Social Justice


Brilmyer, Gracen, and Michelle Caswell “Identifying & Dismantling White Supremacy in Archives: An Incomplete List of White Privileges in Archives and Action Items for Dismantling Them.” (2016).

  • This poster designed by Gracen Brilmyer was created based on content produced in Dr. Michelle Caswell's Archives, Records, and Memory class at UCLA, Fall 2016. It outlines myriad white privileges that exist within core archival principles and theory and provides actions for archival communities, practitioners and educators to dismantle them. 

Chou, Rose L., and Annie Pho, editors, Series on Critical Race Studies and Multiculturalism in LIS.

  • This Litwin Books/Library Juice Press series "aims to collect and publish works from theoretical, practical and personal perspectives that critically engage issues of race, ethnicity, cultural diversity and equity in library and information science (LIS)." Two books have been published to date: Topographies of Whiteness: Mapping Whiteness in Library and Information Science, edited by Gina Schlesselman-Tarango; and Teaching for Justice: Implementing Social Justice in the LIS Classroom, edited by Nicole A. Cooke and Miriam E. Sweeney.

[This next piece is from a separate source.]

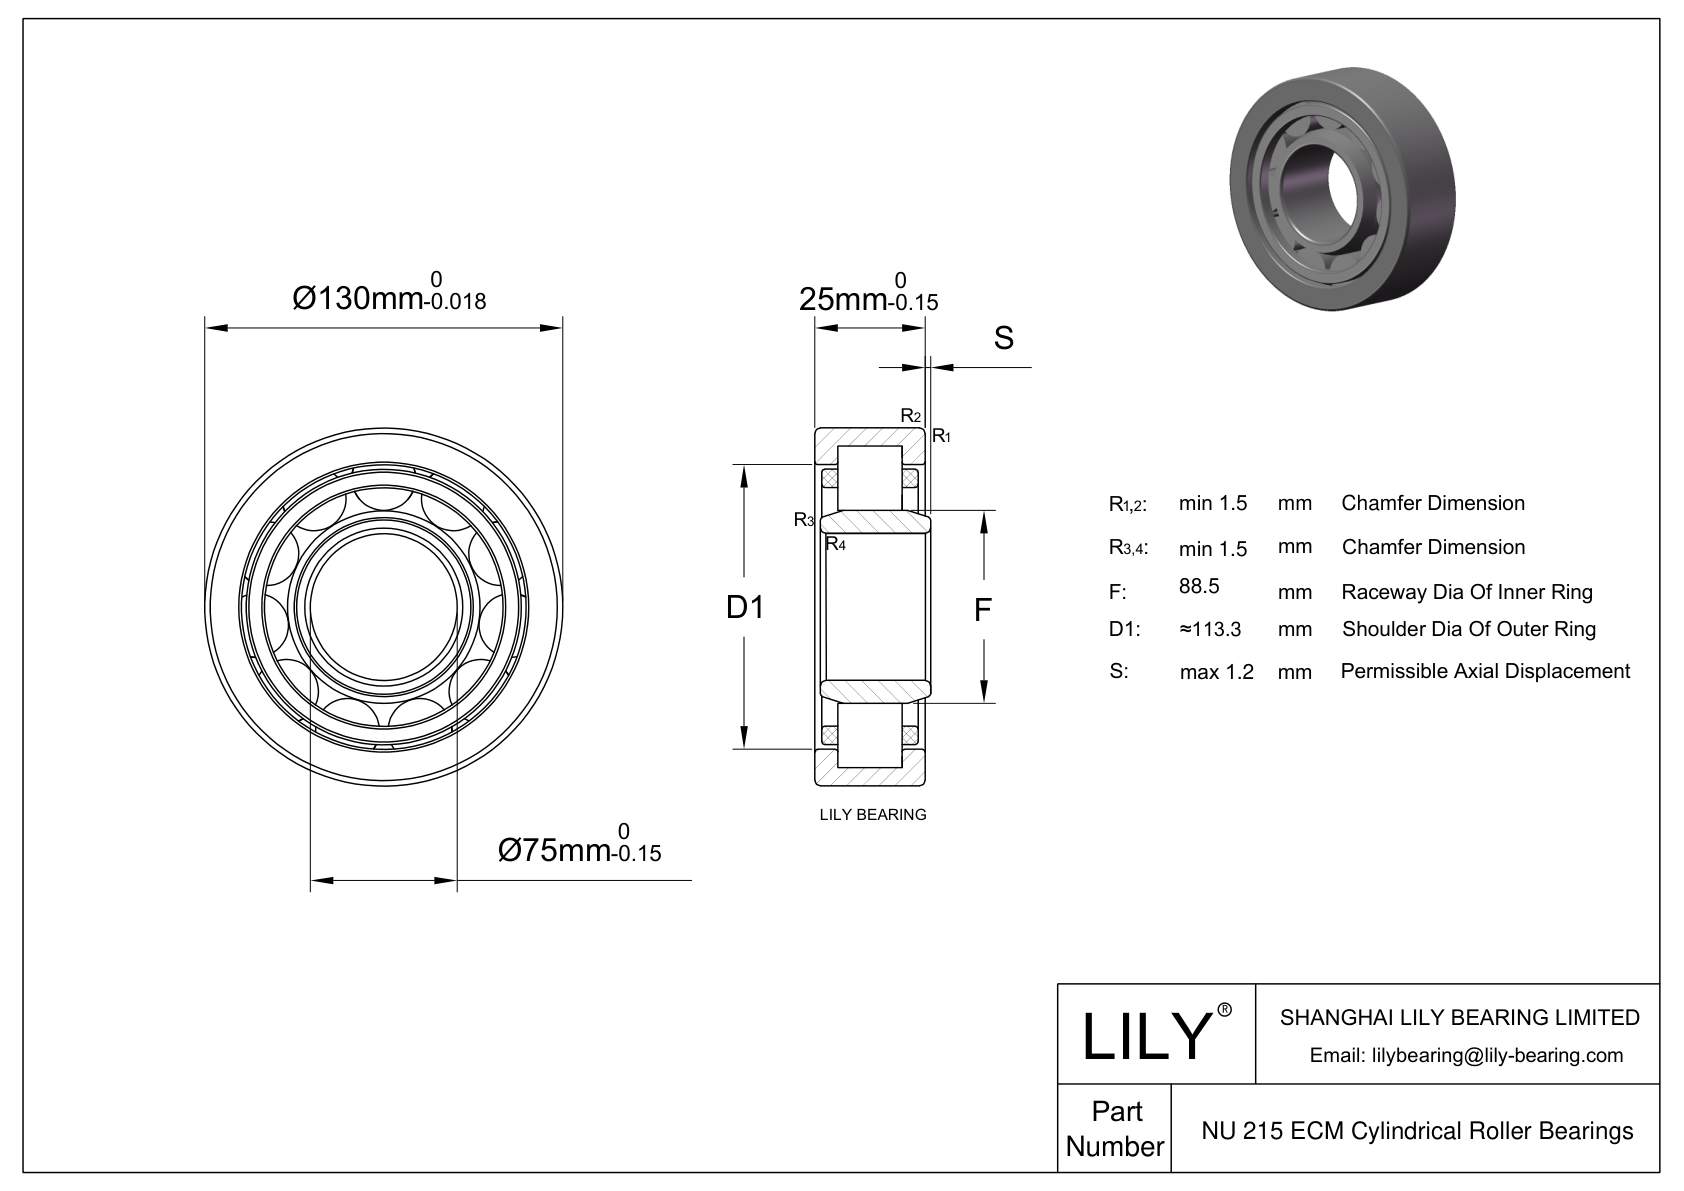 NU 215 ECM/C3VL0241 Ceramic Coated Cylindrical Roller Bearings cad drawing

Forthcoming in the series: Pushing the Margins: Women of Color and Intersectionality in LIS, edited by Rose L. Chou and Annie Pho. These books show promise for fostering critical conversations in the archival profession.

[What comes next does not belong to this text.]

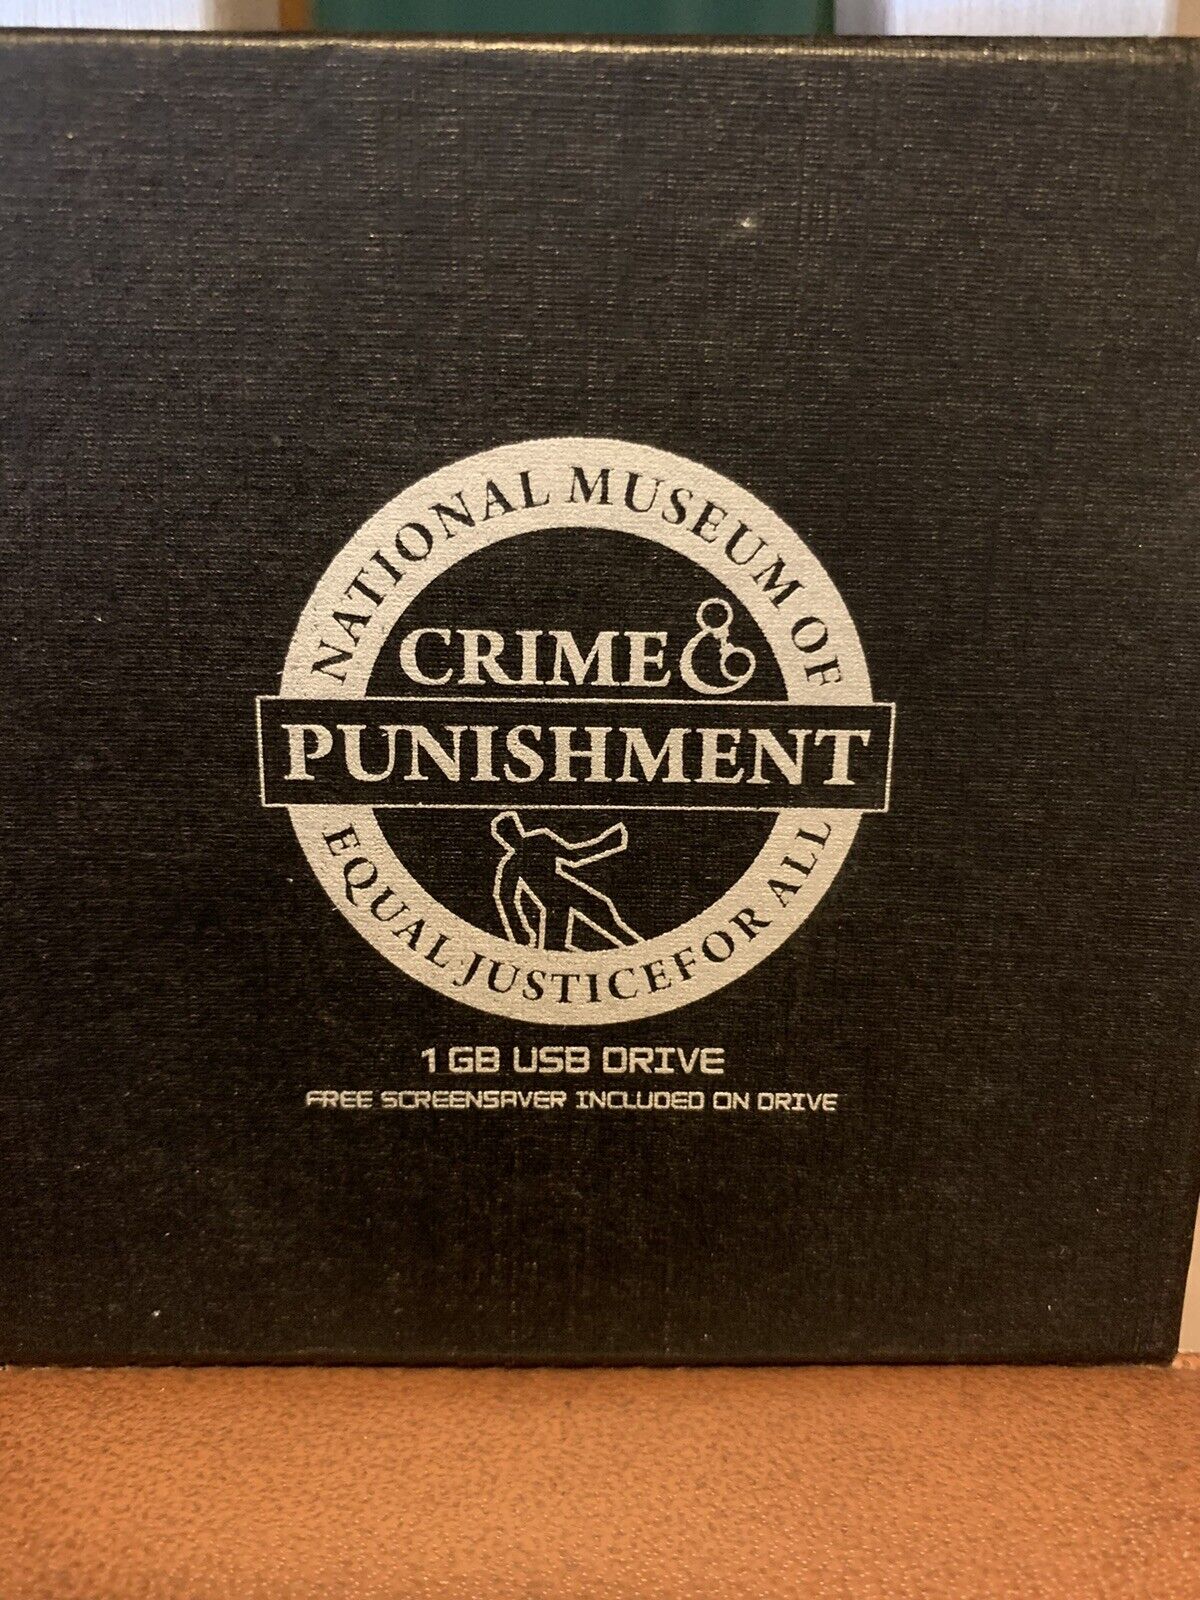 National Museum Of Crime And Punishment 1 Gb USB Drive Handcuffs

Gilliland, Anne, “Neutrality, social justice and the obligations of archival education and educators in the twenty-first century,” Archival Science 11, no. 3-4 (2011): 193-209.

  • This paper by Anne Gilliland "contemplates how archival neutrality and social justice concerns can surface within the context of archival education," articulating ways that archival educators can transform the profession through critical engagement with a social justice framework during the training and learning process. 

Jimerson, Randall C., “Archives for All: Professional Responsibility and Social Justice,” American Archivist,

  • Rand Jimerson’s article is a classic call for archivists to consider the ways in which their work, including day-to-day work, should be dedicated to social justice. Jimerson includes international and US examples of how archival materials can address issues of accountability, justice and diversity, and offers some specific examples of how archivists, both collecting and institutional, can apply social justice practices in both their practice and in relationship-building. Jimerson’s article is also notable for its works cited, which can direct readers to other book-length and case specific works on social justice and records.

Michaelis, Kathryn, and Nicole Milano, Social Justice Sampler. Society of American Archivists, (2017).

  • The "Sampler Series" from SAA publications provides collected chapters from SAA publications on a specific topic. Samplers are published electronically and are designed to provide an overview of a topic of interest to SAA members. The Social Justice Sampler includes chapters from Rand Jimerson's Archives Power: Memory, Accountability, and Social Justice; Chris Hurley's Political Pressure and the Archival Record; and Vern Harris' Archives and Justice: A South African Perspective. These three chapters, elucidated by an excellent introduction by the authors, are specifically brought together to address issues of professional responsibility and archives as "tools of accountability," arguing that archives and archivists hold positions that are frequently the nexus of social and political power. The goal is to ask readers to consider the implications of these ideas, and to encourage broader discussion of the topic. Though all three books were published well before the 2017 date of the Sampler, bringing together key chapters from three of the most persuasive writers in the early archival literature on Social Justice provides a broad frame of reference for current discussion, and inform contemporary consideration of the topic.

Office of Multicultural Affairs, University of Massachusetts Lowell, “Diversity and Social Justice: A Glossary of Working Definitions,”

  • This glossary provides a comprehensive list of terms related to diversity and social justice. The definitions provided are intended to convey the interpretation and use of these terms within the context of diversity and social justice. 

Punzalan, Ricardo L., and Michelle Caswell, “Critical Directions for Archival Approaches to Social Justice,” Library Information Quarterly, 86, no. 1, (2016): 25 – 42.

  • This article is a good starting-point for the ongoing discussion of social justice and its place in archival theory and practice. The authors provide an excellent discussion of definitions, including interesting observations about the difference between recognizing the power of social memory and the implications of actively using social justice in archival practice. The article then seeks to place a framework around discussions of social justice in archival practice. The resulting discussion is a deeply thought-provoking exploration of the impact of embracing the concepts of social justice within the archives, in particular topics such as access; the impact of digital access; and collecting and ownership of materials. The article is valuable to archivists in all stages of professional involvement, as well as to students and educators.